PRESENTER: PETER WHITE
THE ATTACHED TRANSCRIPT WAS TYPED FROM A RECORDING AND NOT COPIED FROM AN ORIGINAL SCRIPT. BECAUSE OF THE RISK OF MISHEARING AND THE DIFFICULTY IN SOME CASES OF IDENTIFYING INDIVIDUAL SPEAKERS, THE Βι¶ΉΤΌΕΔ CANNOT VOUCH FOR ITS COMPLETE ACCURACY.


WHITE
A drug treating multiple sclerosis is expected to get the go ahead when NICE - the National Institute for Clinical Excellence - issues draft guidance tomorrow. It's acknowledged to be more effective, much more effective, than others that have gone before but with it it carries higher risks. So how do we, as patients, decide what is a risk worth taking? And how do the scientists working on new drugs decide what is a risk too far?

Well in a moment we'll be discussing some of these issues that it raises, with a scientist, a representative of patients and of the drug manufacturing industry. But first this from our reporter Carolyn Atkinson:

ATKINSON
Well historically medicinal drugs have been what are called chemicals, they're chemical compounds, they're made up of small molecules either derived from plants or synthetically made, so things like morphine or paracetamol for example.
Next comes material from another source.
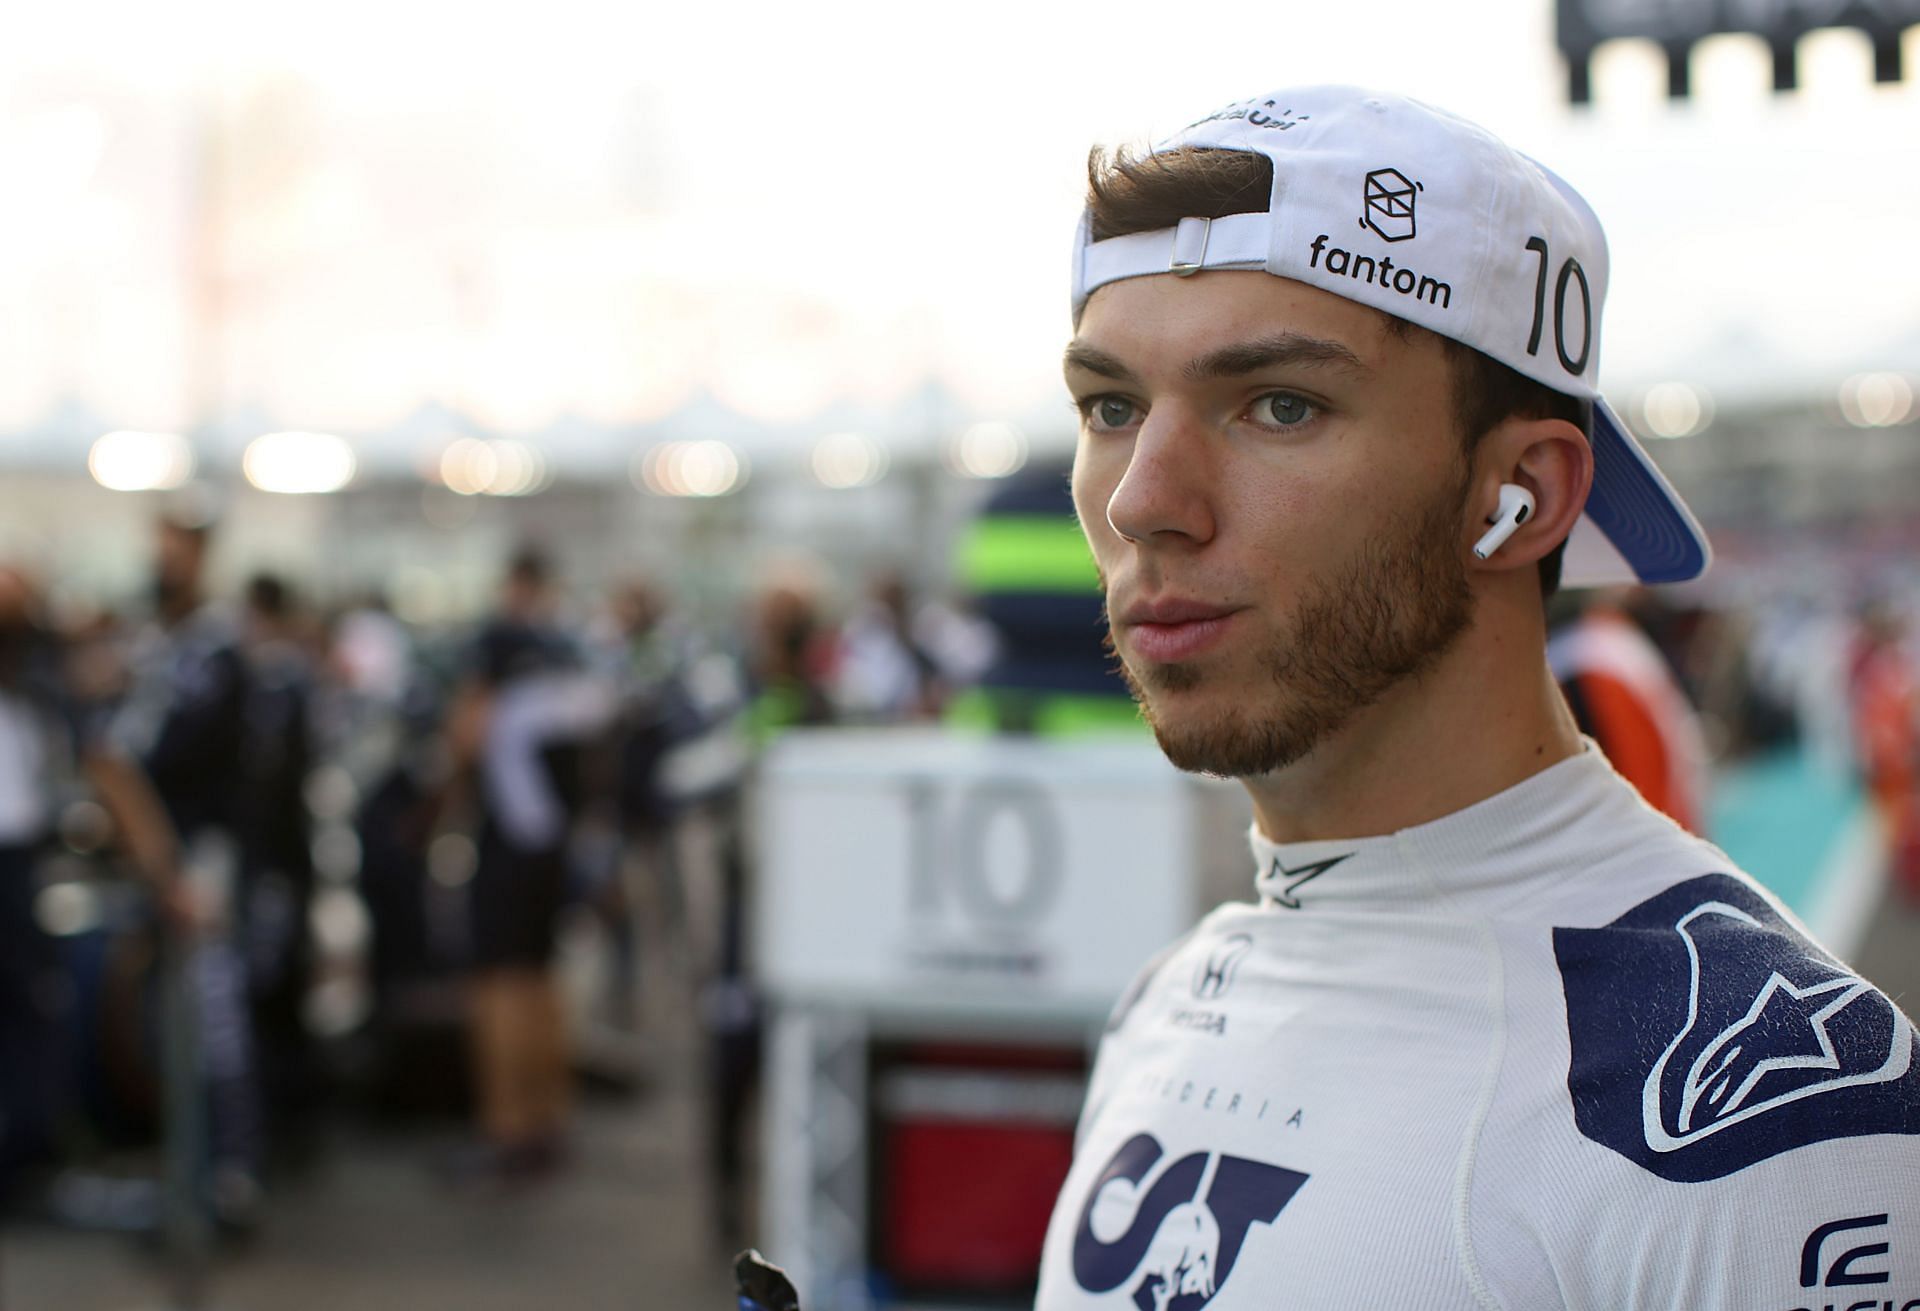 Pierre Gasly stood P9 in the 2021 Drivers Championship battle

They're injected or taken orally and the active bit passes round the body and it works its magic. Now though we have a new group of drugs known as the biologicals, which incidentally are a British invention. Now they're larger molecules, they're proteins, and they're all antibodies. So the molecule targets very precisely one type of structure in the body which has gone wrong in a disease say like cancer and it works like a lock and a key, so it's much more effective. Now cancer treatments are a very good example that we can use to illustrate the difference between chemicals and biologicals. Chemotherapy, for example, the chemical approach is a widespread attack, as well as targeting the tumour it also affects the rest of the body quite adversely in some cases. Now the new biological approach would be drugs like Herceptin and Avastin, which have been in the news very much recently. They target a tumour and not the whole body but with that comes a much higher risk, they're much cleverer but there's much more that can wrong.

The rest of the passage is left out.